Will laughs softly. "El, there's another rule for kissing boys who aren't your boyfriend..."

"Don't care." El proclaims. And that settles that.

Over the next few days, there are a lot of sleepovers at the Byers house, and El gets formally integrated into the Party – together with Max. The redhead, by unspoken agreement, joined the arcade expedition, and since then she always seems to be there, no matter what they do. El doesn’t have as big a problem with that as she expected to.

Mike shows her how card games work and Dustin and Lucas try to explain their favourite game, Dungeons and Dragons, but that leaves El more confused than anything. She’ll have to ask Will later, she thinks while the two boys go on and on, by now more arguing with each other than explaining. El looks across the table, and Max is already looking at her. The other girl nods at the boys and rolls her eyes, and El grins. She doesn’t really know what to make of Max yet, but maybe she doesn’t have to hate her.

In the corner of her eye, she notices Will noticing her looking at the redhead. He smiles quietly and turns back to his sketch book.

:

Will is quiet in everything he does. And, as El learns, that is true even for his night terrors.

She wakes up one night, throat dry as paper, and walks out to get some water. The house is dead silent at this time, of course. There’s no sound coming from Will’s room when she gets back, and she doesn’t know what it is that prompts her to stop. Maybe it’s just a feeling. But something is wrong. She pushes open the door carefully, quietly, and slips inside.

Will is asleep, but his breathing is not even as she’s come to know it. His brow is covered in sweat and his lips pressed together as if to stop from screaming. El hovers near the bed, unsure what to do. Joyce would hug Will and tell him it’s alright, she knows, but that’s exactly what the argument was about. In the end, El lies down next to his bed and takes her friend’s hand in her own. Will doesn’t wake up, but his fingers close around hers instinctively, and El draws confidence from that. Maybe she can help, too.

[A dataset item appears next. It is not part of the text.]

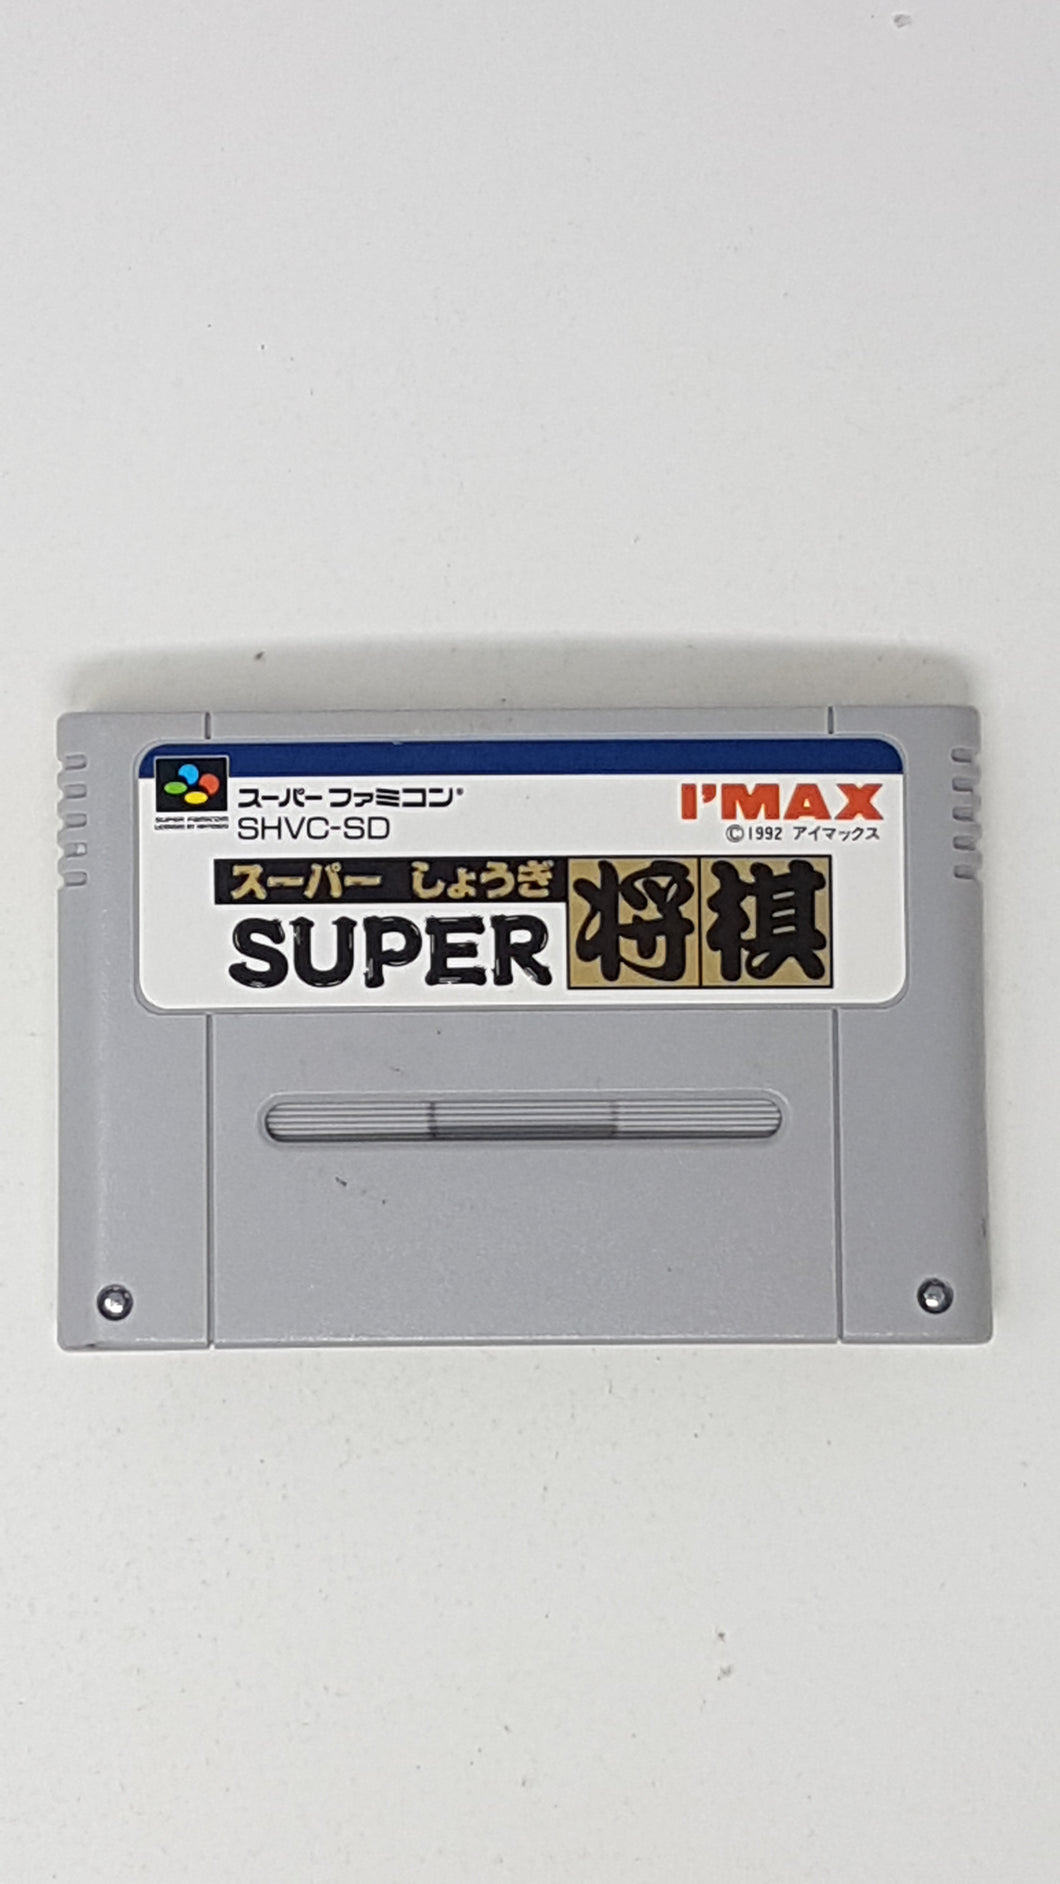 Super Shougi - [Import] Super Famicom | SFC

Her back is aching when she wakes up the next morning, and for a moment she once again doesn’t know where she is. This is not her room. She sits up, rubbing the sleep out of her eyes, and finds Will already looking at her, looking as surprised as she is to find her there.

“El?”

“Hi.” she answers,

“Were you here all night?”

“Yes.”

“Oh. You slept on the floor?”

“So did you. Often.”

A little smile lifts the corners of his mouth: “Okay. Touché, I guess.”

El frowns: “’Touche’?”

“It means you got me.” Will explains. There’s something soft in his expression, and it says he knows why she was in his room. “Thanks.”

“No problem.”

"No, not just for this, but…” Will shrugs and gives an embarrassed laugh. “Everything, I guess. I – kind of feel safer with you around. You're so - confident. And you’re a mage."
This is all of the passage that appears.